● **Exercise aim**: Check the data underneath for lines holding the word "Condition", and state only how many you find.

Start of Given records

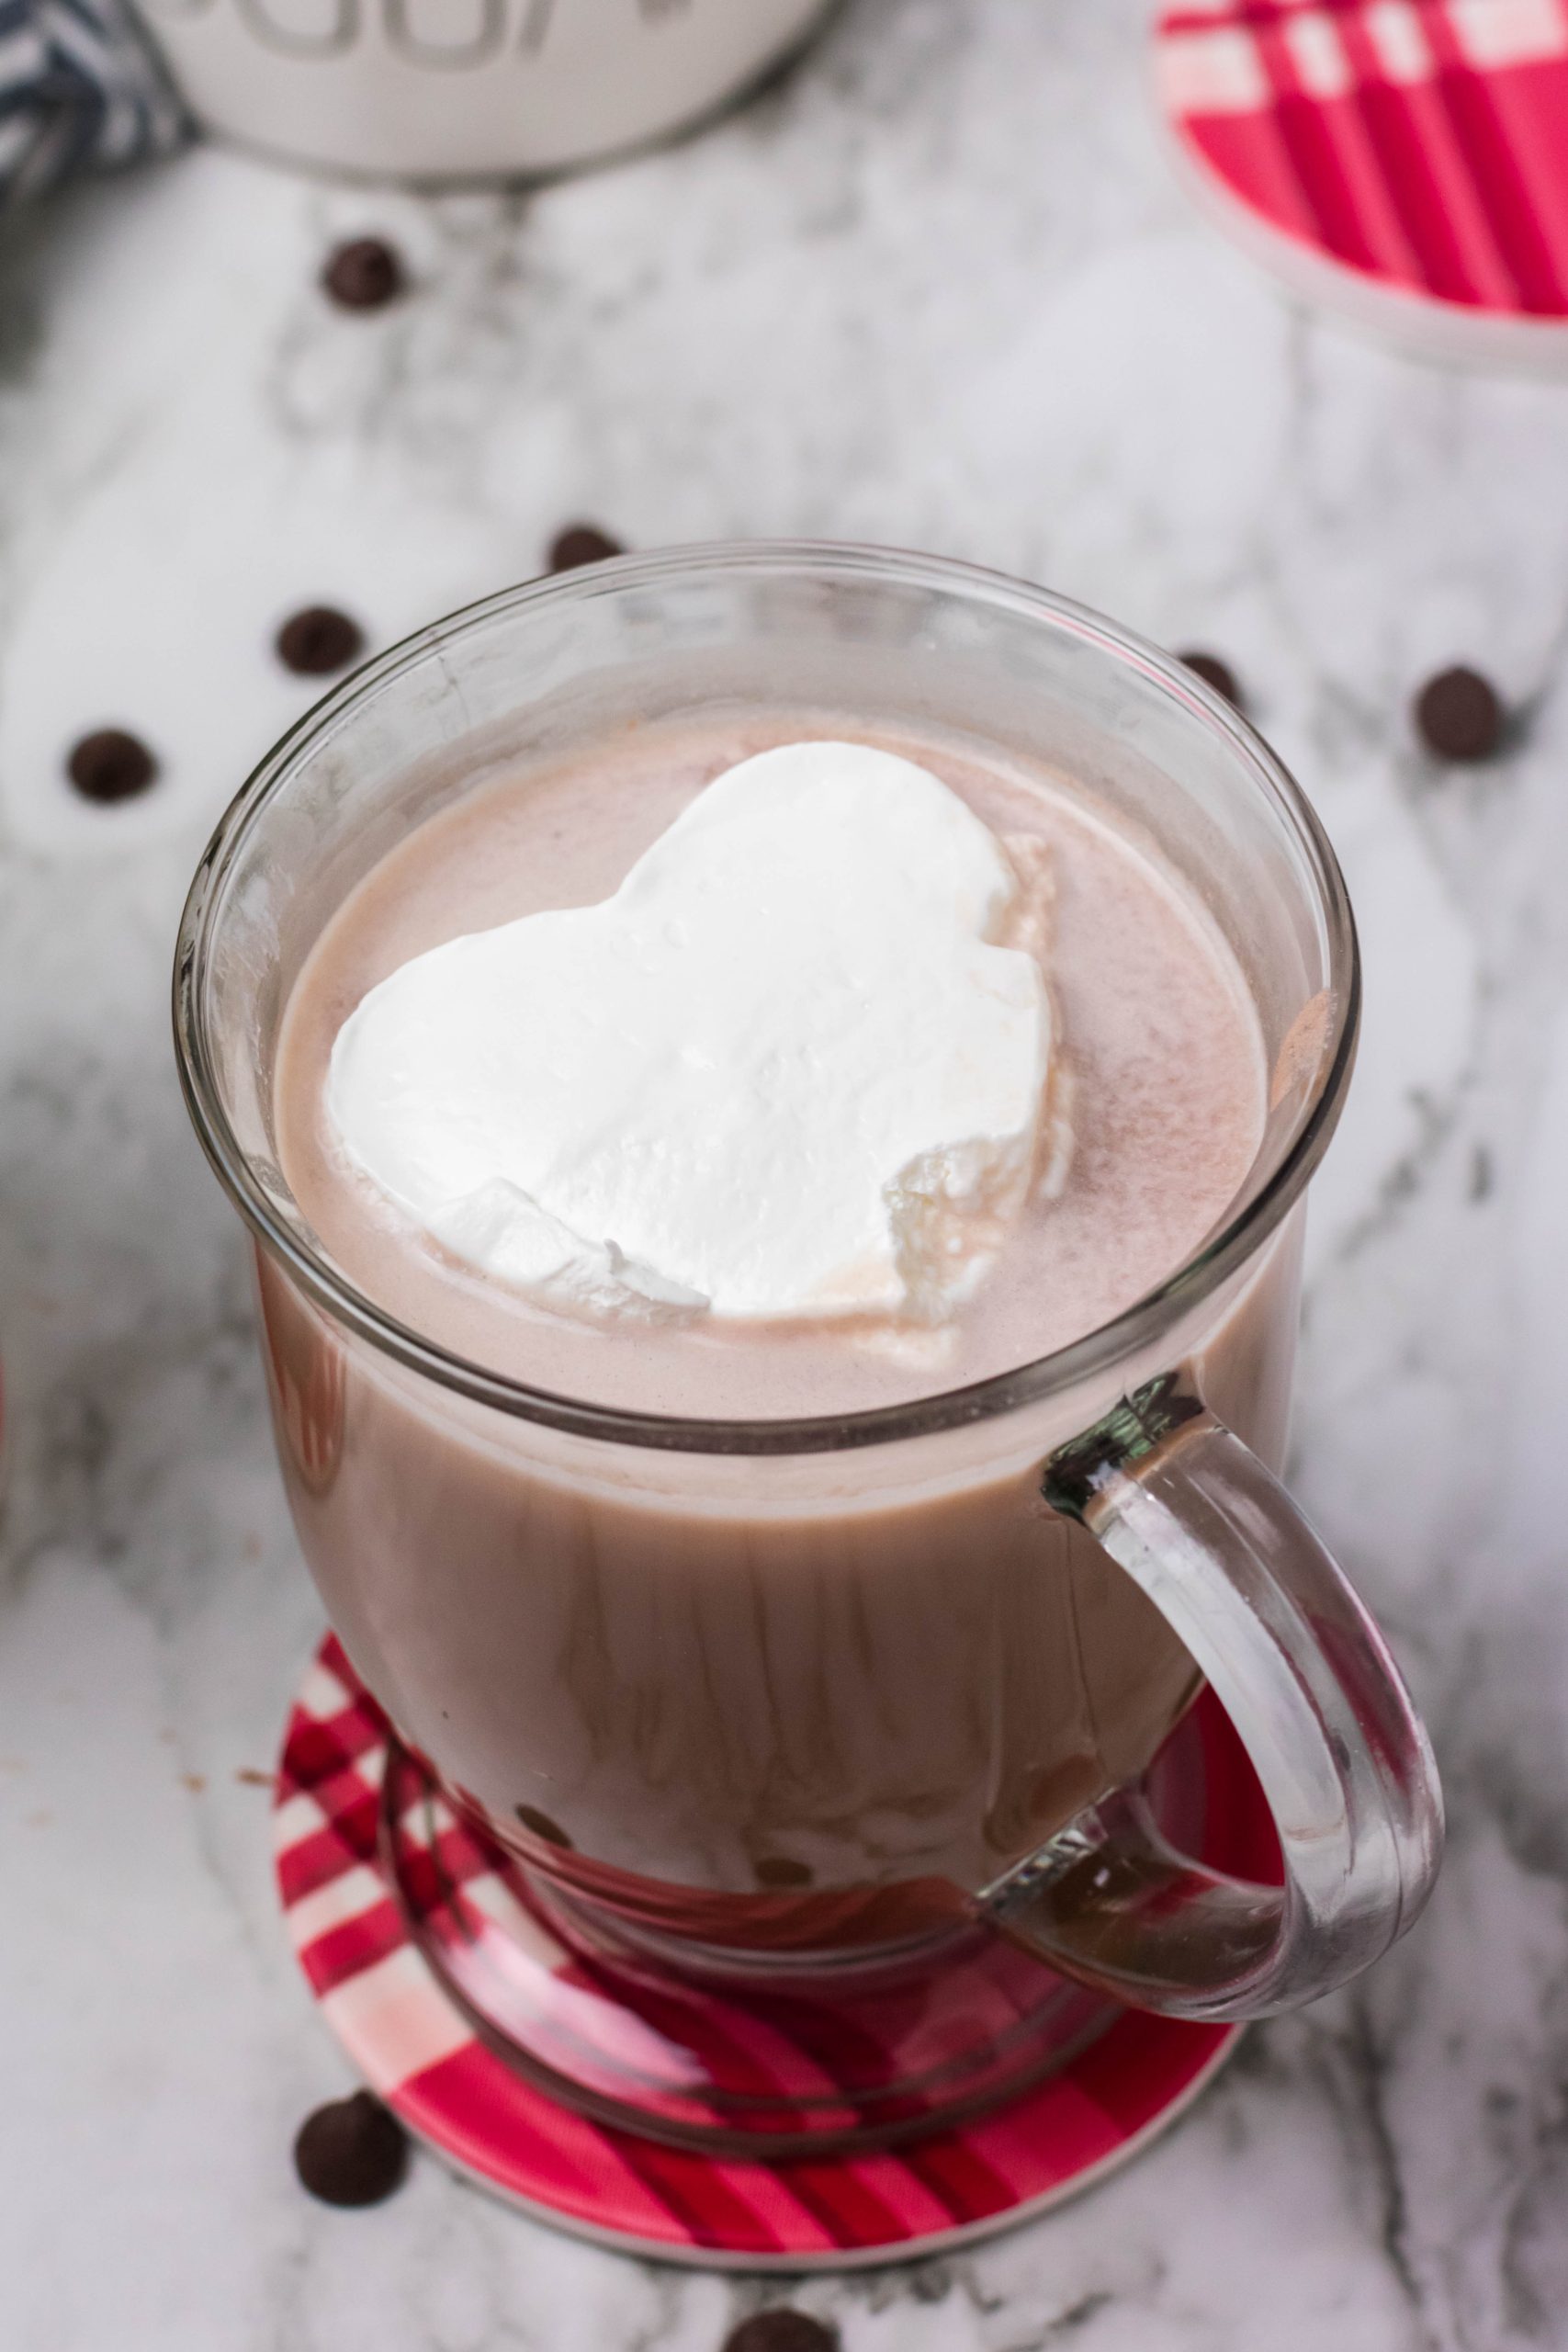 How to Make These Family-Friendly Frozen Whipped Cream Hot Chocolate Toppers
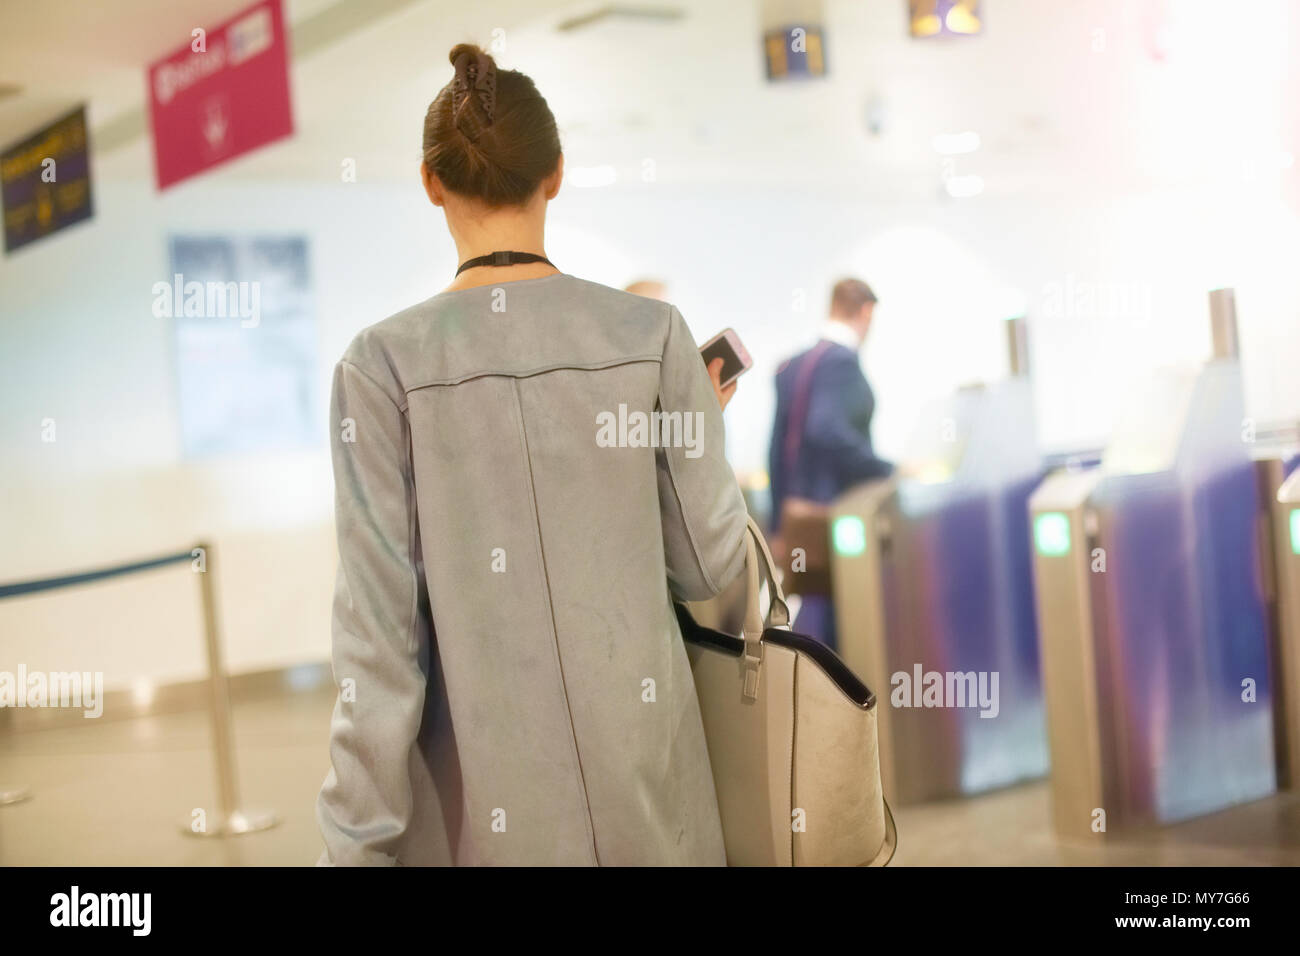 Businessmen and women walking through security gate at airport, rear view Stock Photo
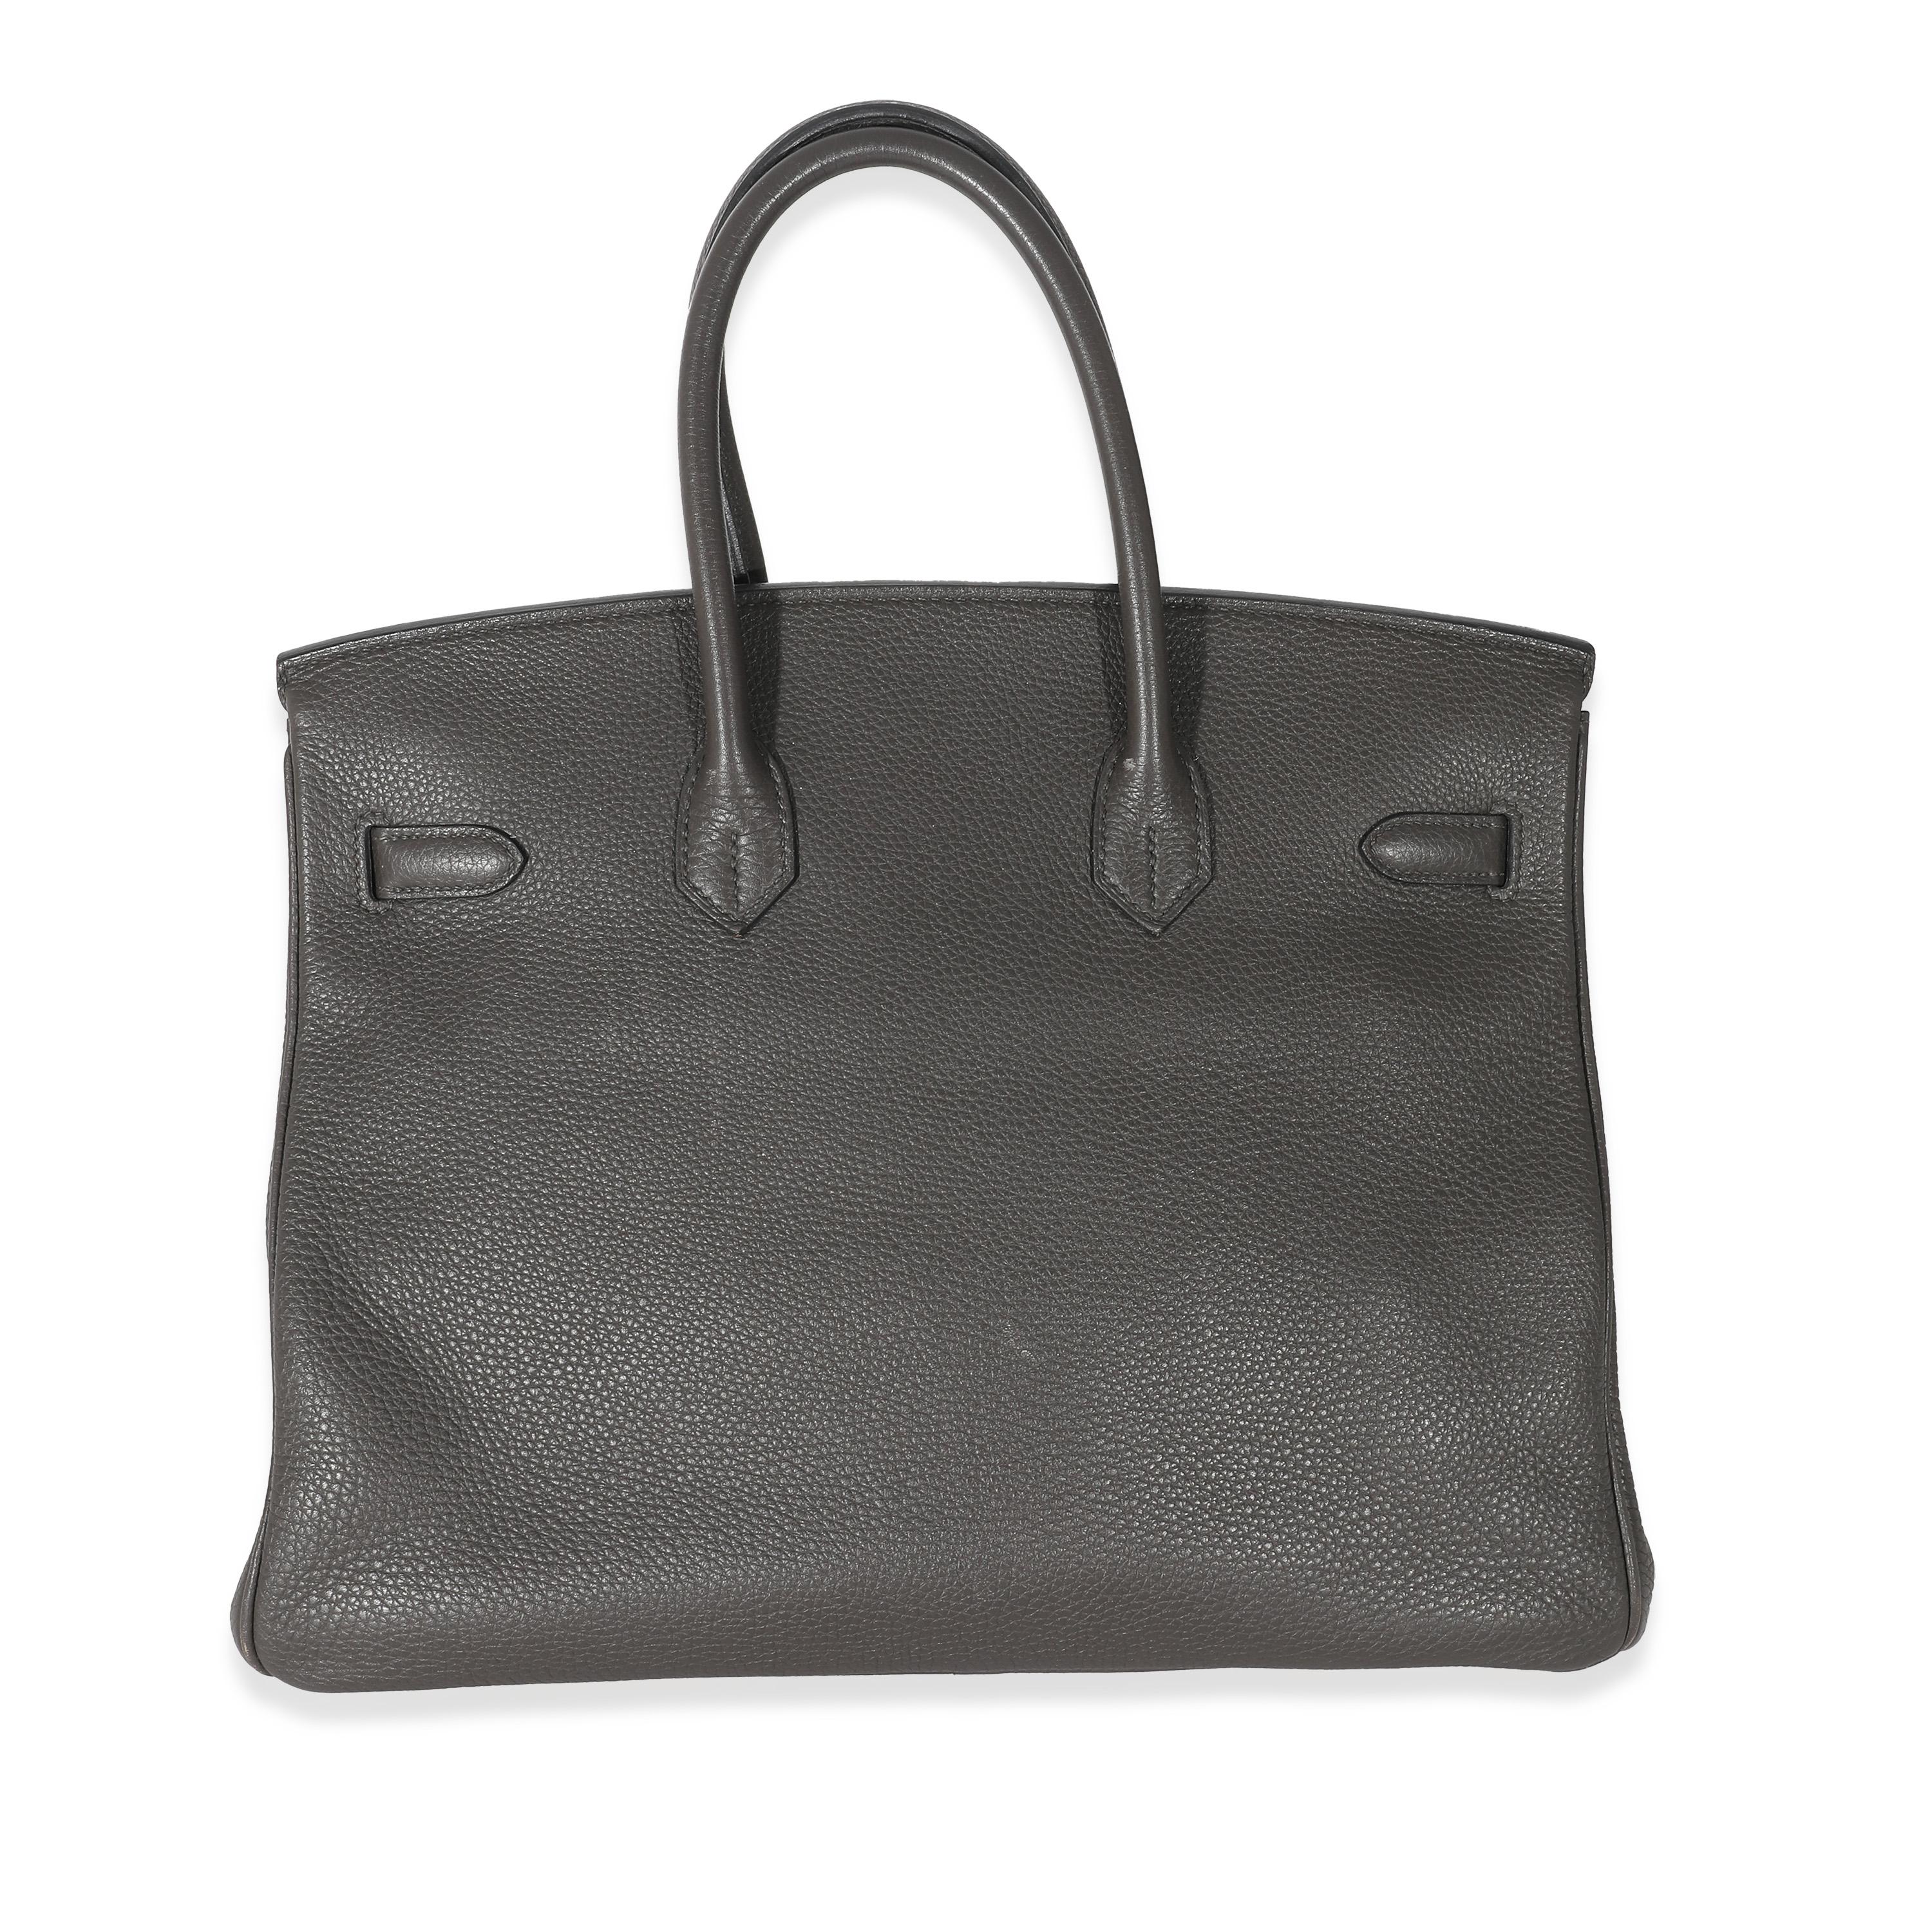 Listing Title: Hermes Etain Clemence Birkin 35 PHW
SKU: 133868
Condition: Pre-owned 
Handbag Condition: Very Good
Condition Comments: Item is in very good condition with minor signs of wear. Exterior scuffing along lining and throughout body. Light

End of Given records

● **Answer box**: 3